When Bandt and Bob Brown use the phrase “big business” they are no doubt thinking of the big banks, or Woolworths or Boral or Myer or Telstra or the hundreds of other companies in the ASX 300.

But the problem with using a threshold of $2 million in sales to define small business is that you penalise thousands of entrepreneurs in the SME community.

Take SmartCompany’s annual Smart50 list for example. Only one company was under the $2 million threshold in the 2010-11 year, and knowing how these companies grow they’ve probably zoomed past that mark already.

Are the members of the Smart50 big business? Of course not.

Do they deserve a tax cut? Of course they do.

But these are the sort of companies that will miss out if the Greens don’t budge. These companies employ people, create wealth and drive the economy forward.

Tarring them with the same brush as the top end of town is silly – even if it is very convenient from a political sense.

Ironically, the Greens have actually been pushing to widen the definition of a “small business” from $2 million to $5 million, which would be a much more sensible threshold.

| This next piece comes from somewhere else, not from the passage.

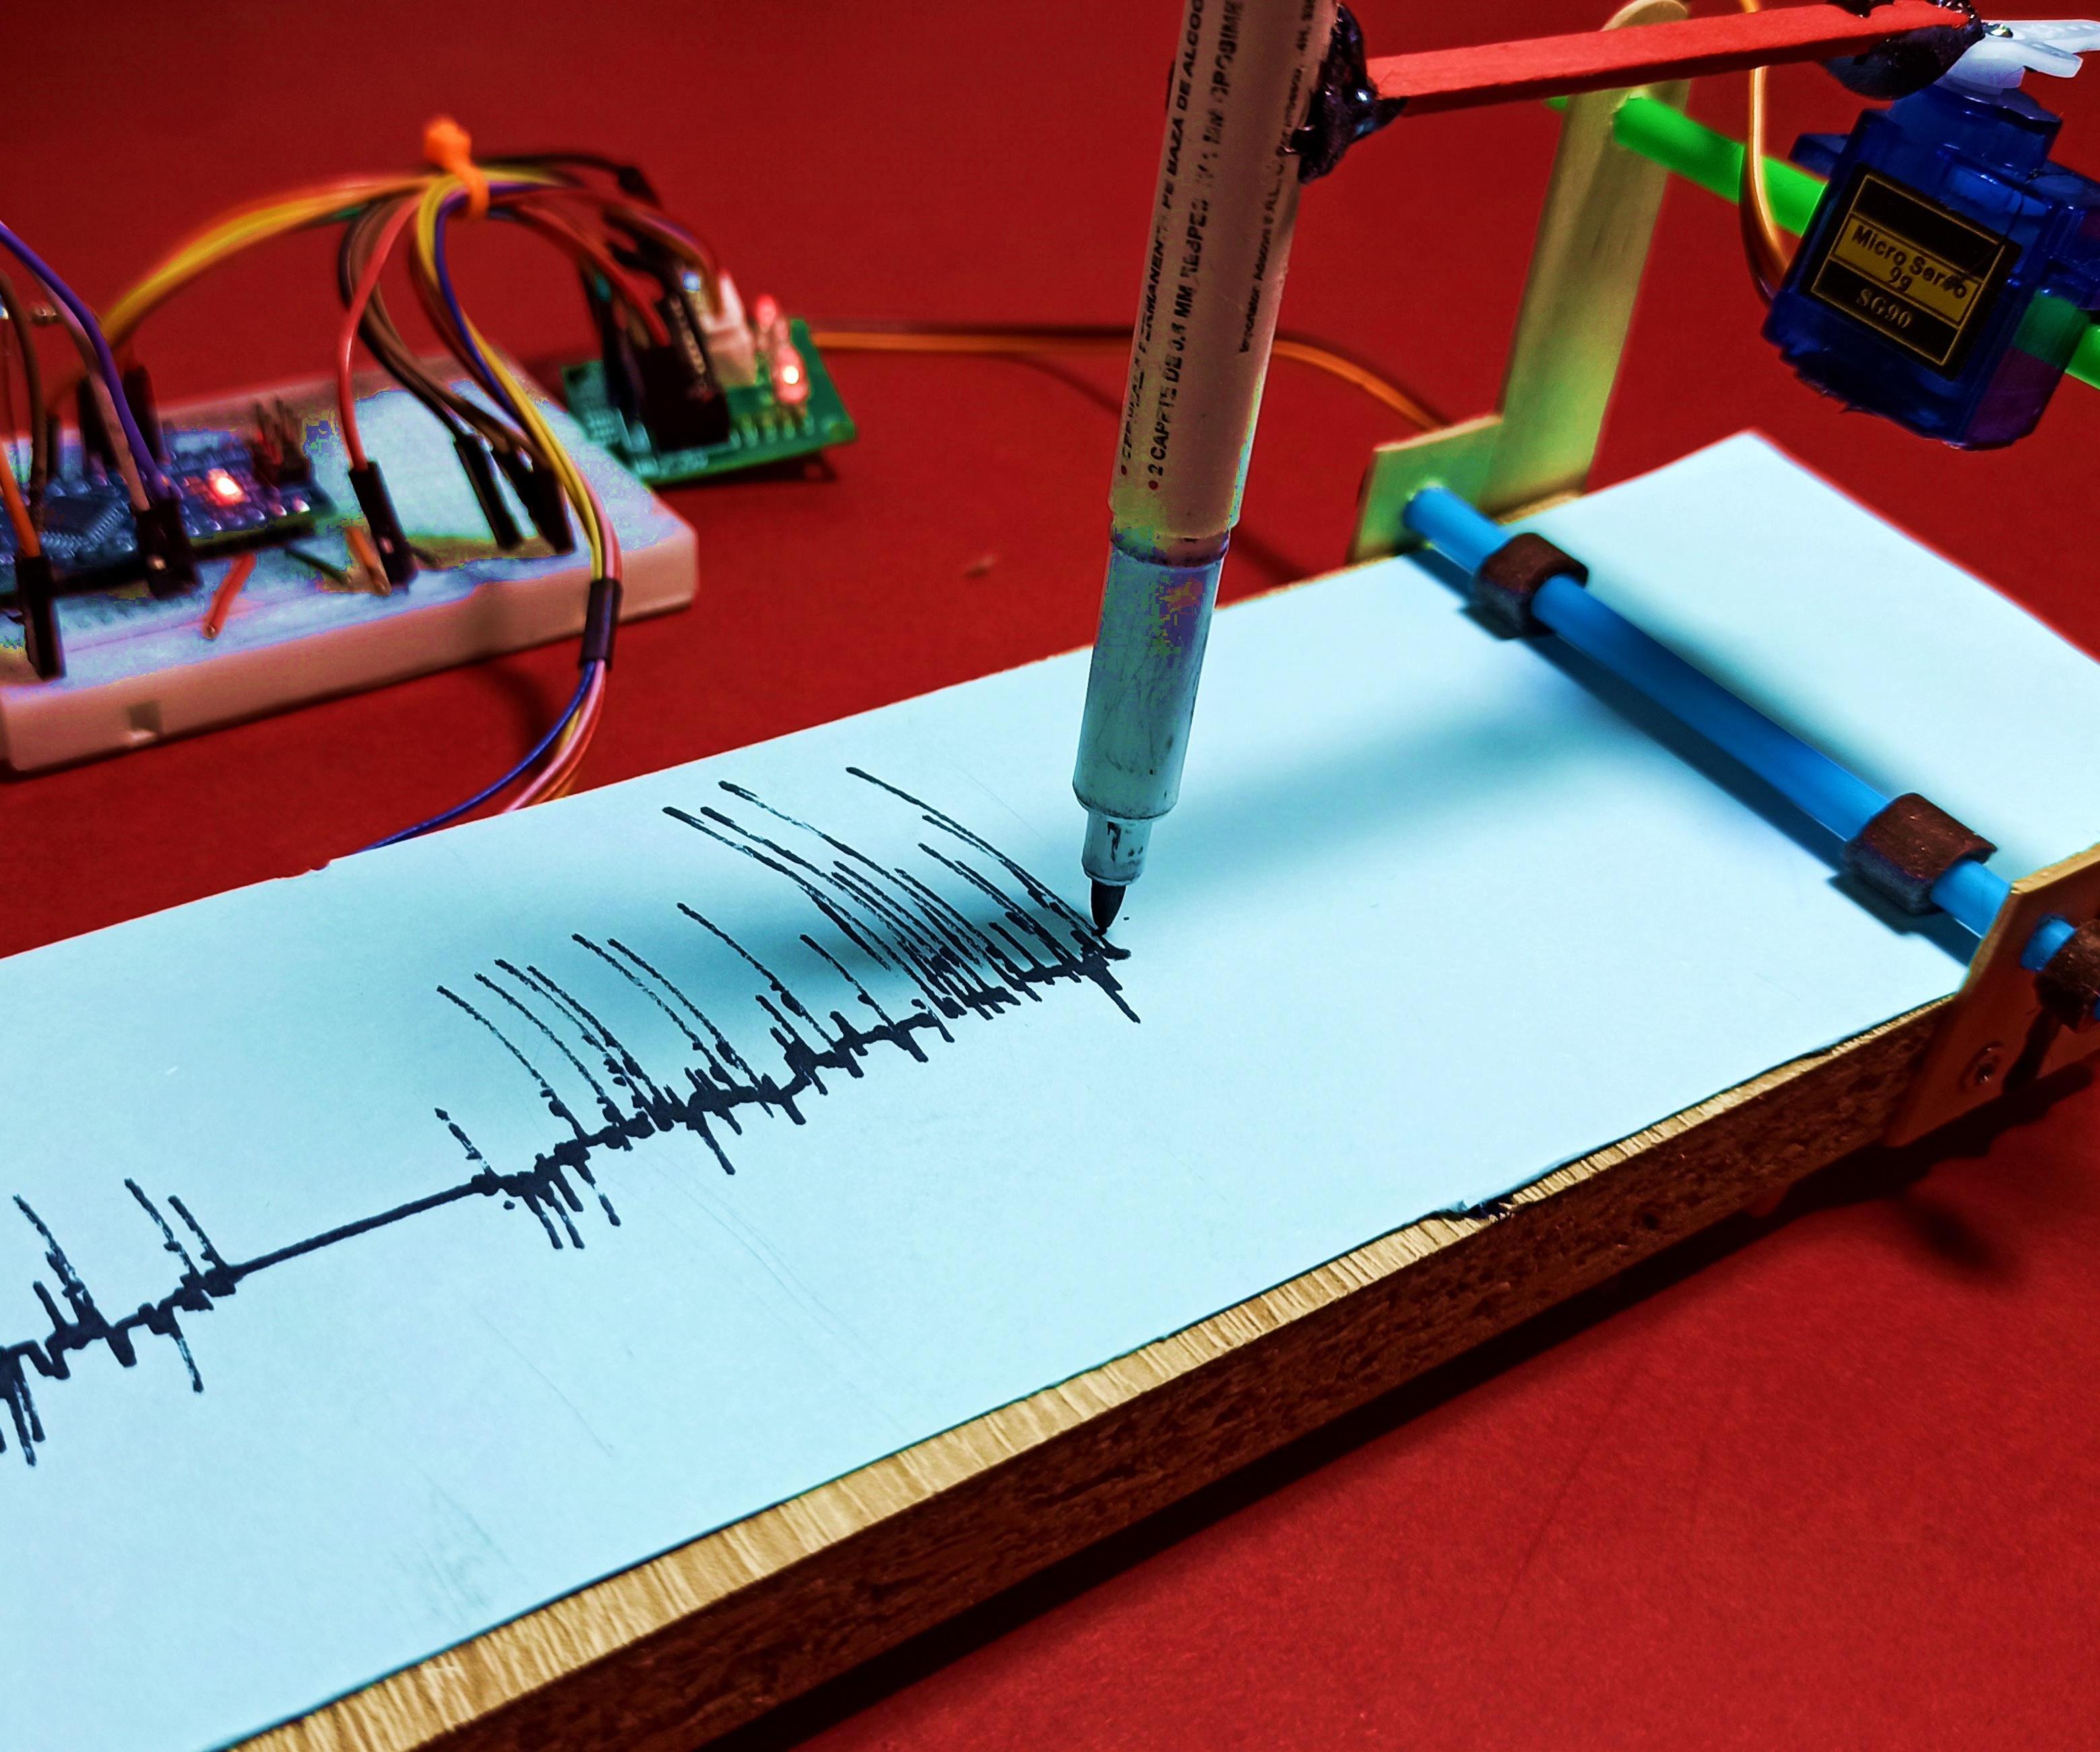 How to Make a Simple Seismograph

If the Greens did manage to increase the threshold, that would dull the pain of dumping the broad company tax cut. But the Government would never agree to it, because that $2 million definition runs across several key tax reforms, including the enlarged asset investment tax write-off.

Ironically, Labor might not be too upset by the Greens’ position. If it can’t get the company tax cut through for “big business” it will have an extra $2.4 billion to play with – that’s gold when the Budget is so tight.

And Labor has even been able to use the Greens’ move as a way to have a crack at the Coalition, who are refusing to support the company tax cuts for small business or big business on the principle that they are paid for by the carbon tax, which the Opposition opposes.

Treasurer Wayne Swan thundered yesterday: “The ball is firmly in Tony Abbott’s court – will he support a company tax cut to help small businesses that aren’t in the fast lane, or will he oppose a company tax cut so he can give Clive Palmer and Gina Rinehart a huge tax cut instead?”

“Tony Abbott’s name will be forever recorded in the history books as the leader of the Liberal Party that voted against a tax cut for small business.”

Pretty smart play by Swan, really. He gets to deflect blame from Labor’s junior Government partner in the Greens and puts the Coalition into what really will be an awkward spot of voting against company tax cuts.

It’s all great fun for the politicians. But the thousands of SMEs who may miss out on a tax cut aren’t going to enjoy themselves quite so much.